Department of Chemistry, Hong Kong University of Science & Technology, Clear Water Bay, Kowloon, Hong Kong, China.
Texas A&M Transportation Institute, Texas A&M University, College Station, TX 77843-3135, United States.
Sci Total Environ. 2021 May 1;767:144282. doi: 10.1016/j.scitotenv.2020.144282. Epub 2020 Dec 24.

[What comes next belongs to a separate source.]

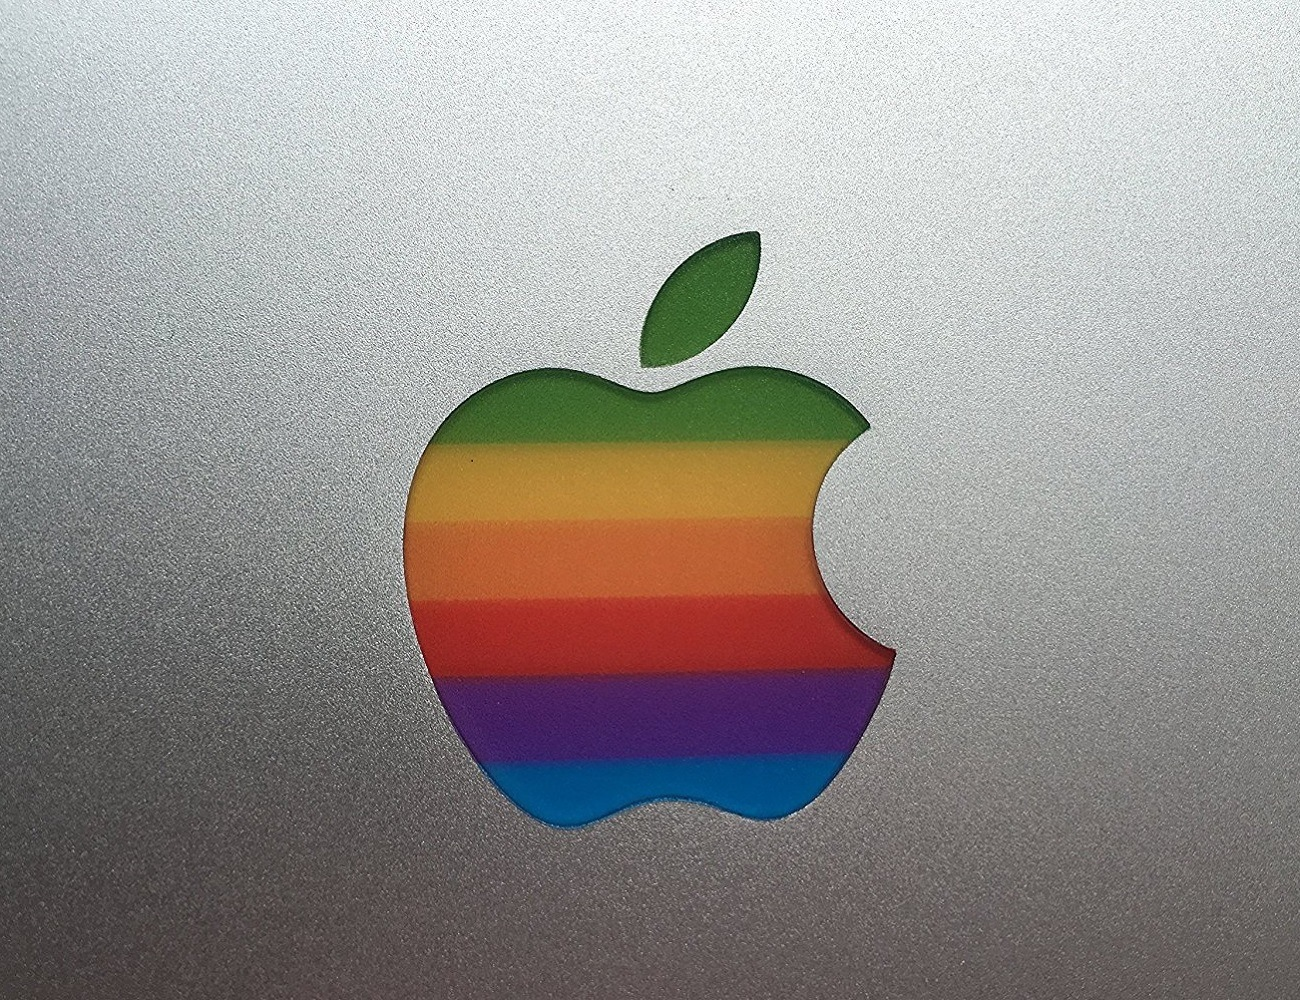 retro apple logo sticker gadget flow
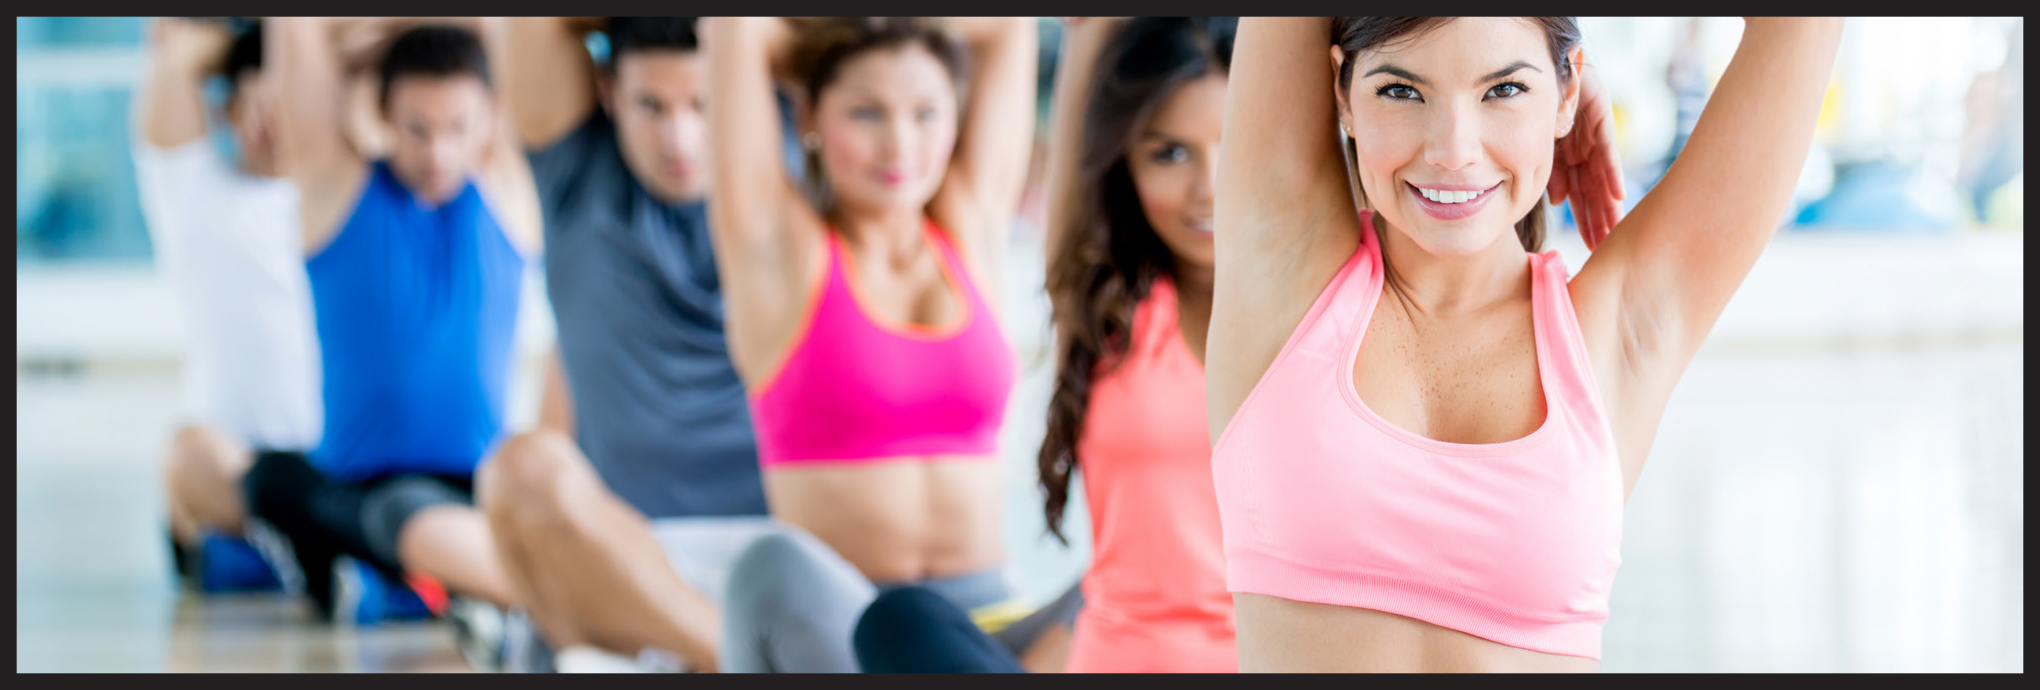 2014 wellness trends

The homoscedasticity assumption (the variance of the error term is the same across all the observations) is a key assumption in the ordinary linear squares (OLS) solution of a linear regression model. The validity of this assumption is examined for a multiple linear regression model used to determine the source contributions to the observed black carbon concentrations at 12 background monitoring sites across China using a hybrid modeling approach. Residual analysis from the traditional OLS method, which assumes that the error term is additive and normally distributed with a mean of zero, shows pronounced heteroscedasticity based on the Breusch-Pagan test for 11 datasets. Noticing that the atmospheric black carbon data are log-normally distributed, we make a new assumption that the error terms are multiplicative and log-normally distributed. When the coefficients of the multilinear regression model are determined using the maximum likelihood estimation (MLE), the distribution of the residuals in 8 out of the 12 datasets is in good accordance with the revised assumption. Furthermore, the MLE computation under this novel assumption could be proved mathematically identical to minimizing a log-scale objective function, which considerably reduces the complexity in the MLE calculation. The new method is further demonstrated to have clear advantages in numerical simulation experiments of a 5-variable multiple linear regression model using synthesized data with prescribed coefficients and lognormally distributed multiplicative errors. Under all 9 simulation scenarios, the new method yields the most accurate estimations of the regression coefficients and has significantly higher coverage probability (on average, 95% for all five coefficients) than OLS (79%) and weighted least squares (WLS, 72%) methods.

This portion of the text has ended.